Directions => Repeat everything in the listing exactly, except for the images.

Supplied data =>

* * * * * * * * *

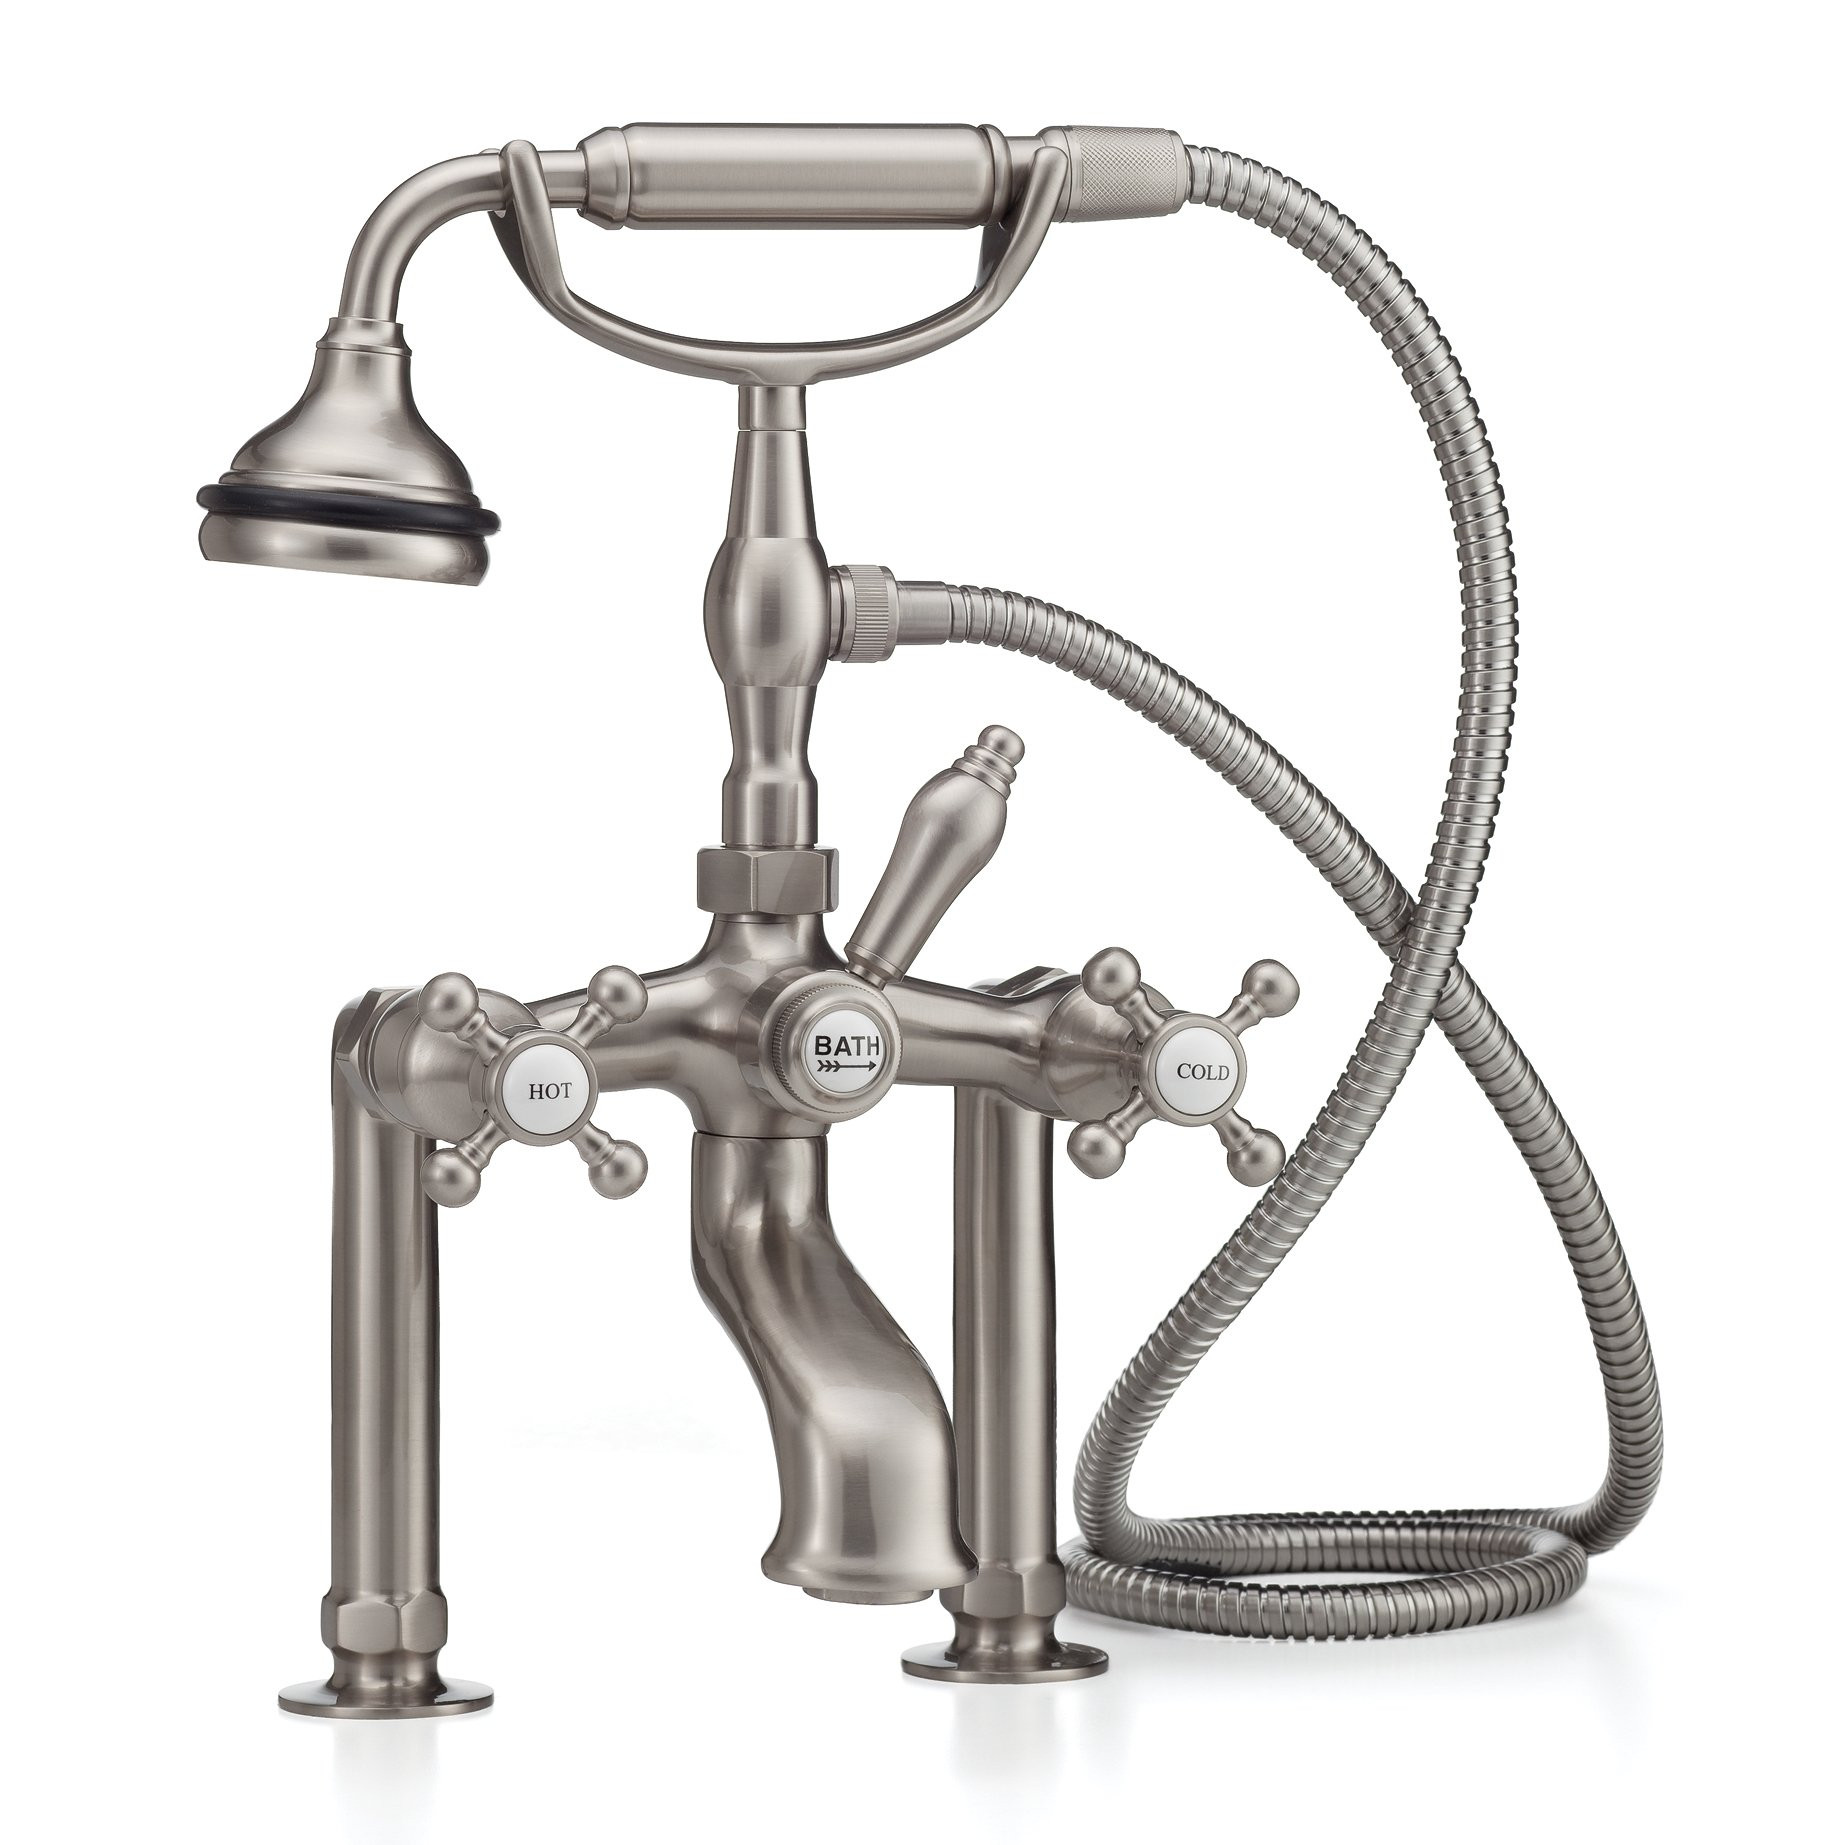 Cheviot 5121 Cross Handles - Shown with rim mount - extra Tall
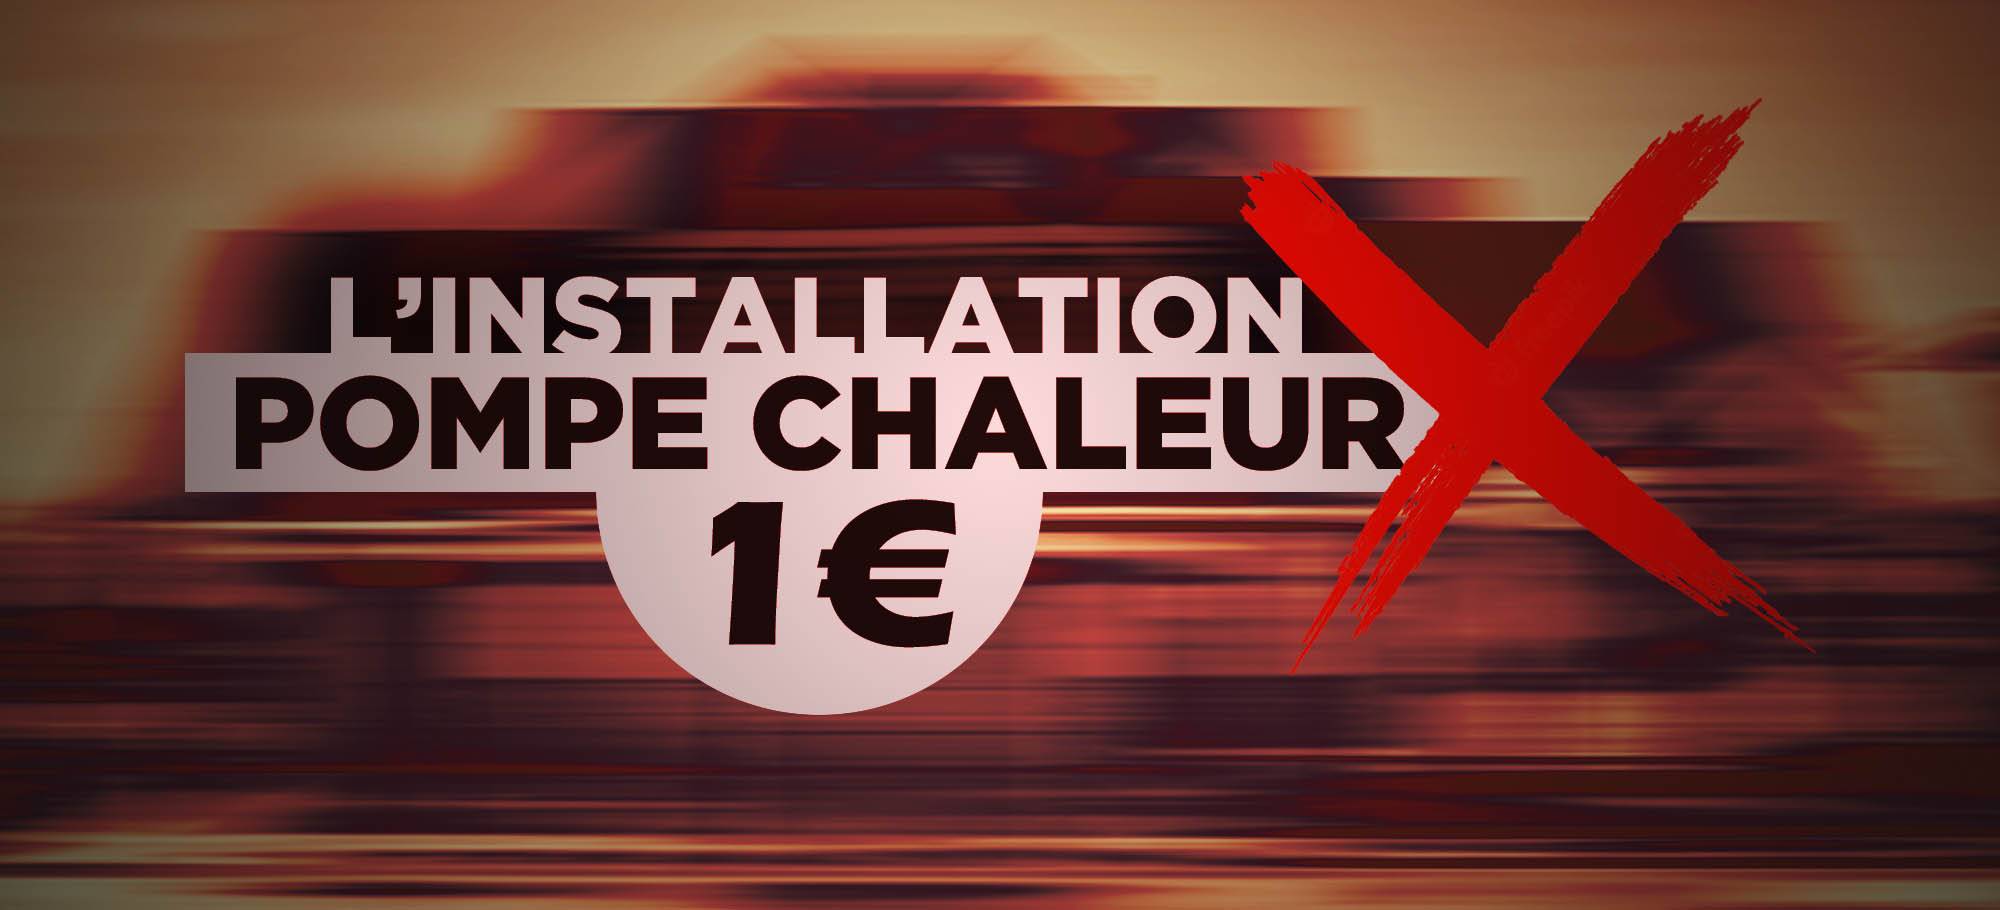 You are currently viewing L’installation d’une pompe chaleur à 1 euro
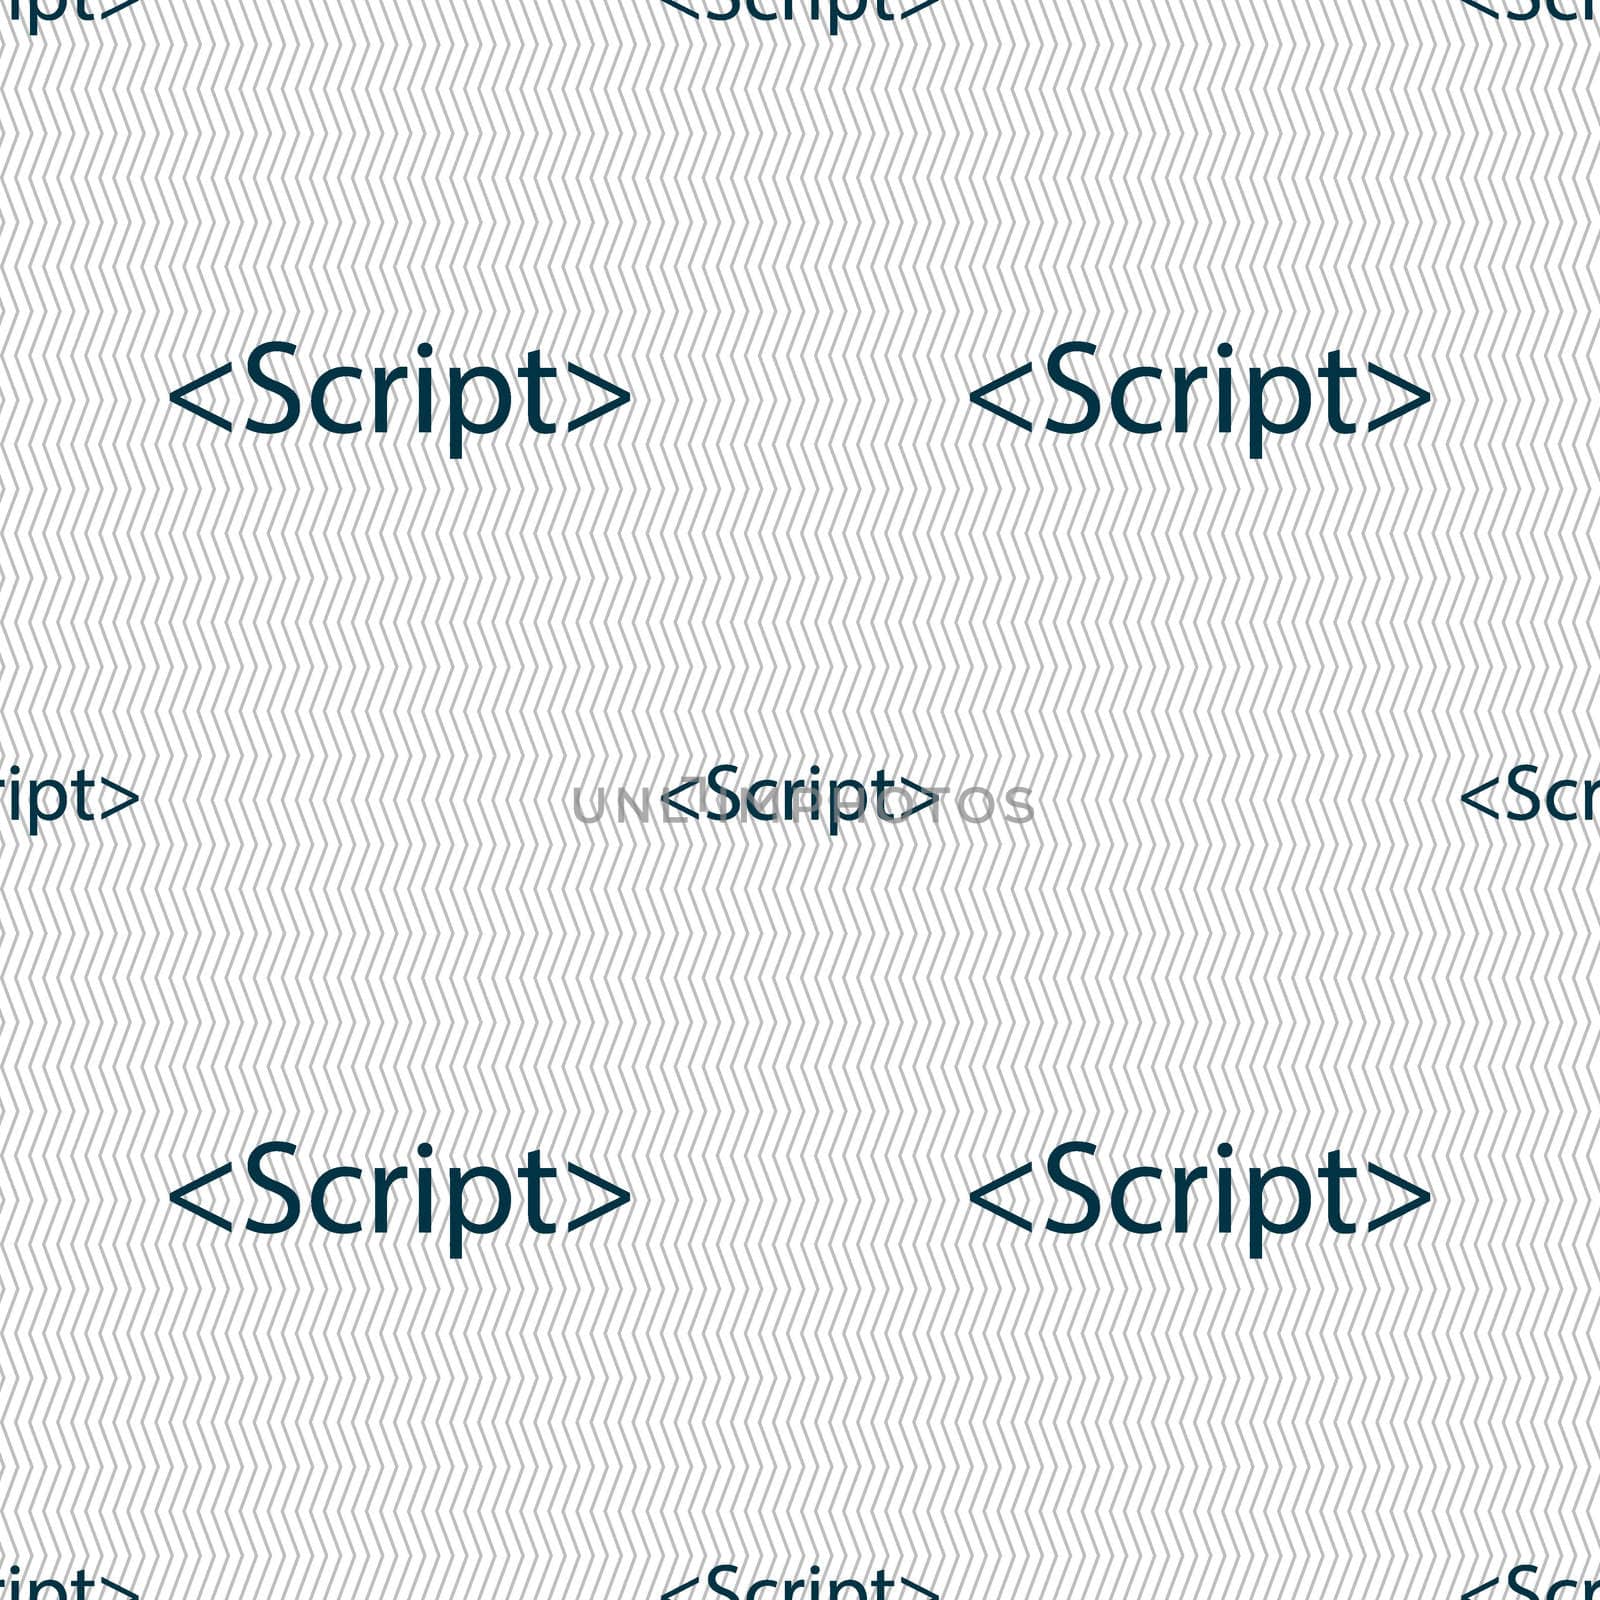 Script sign icon. Javascript code symbol. Seamless abstract background with geometric shapes. illustration

* * * * * * * * *

Exercise response =>
 Cheviot 5121 Cross Handles - Shown with rim mount - extra Tall
 You are currently viewing L’installation d’une pompe chaleur à 1 euro
 Script sign icon. Javascript code symbol. Seamless abstract background with geometric shapes. illustration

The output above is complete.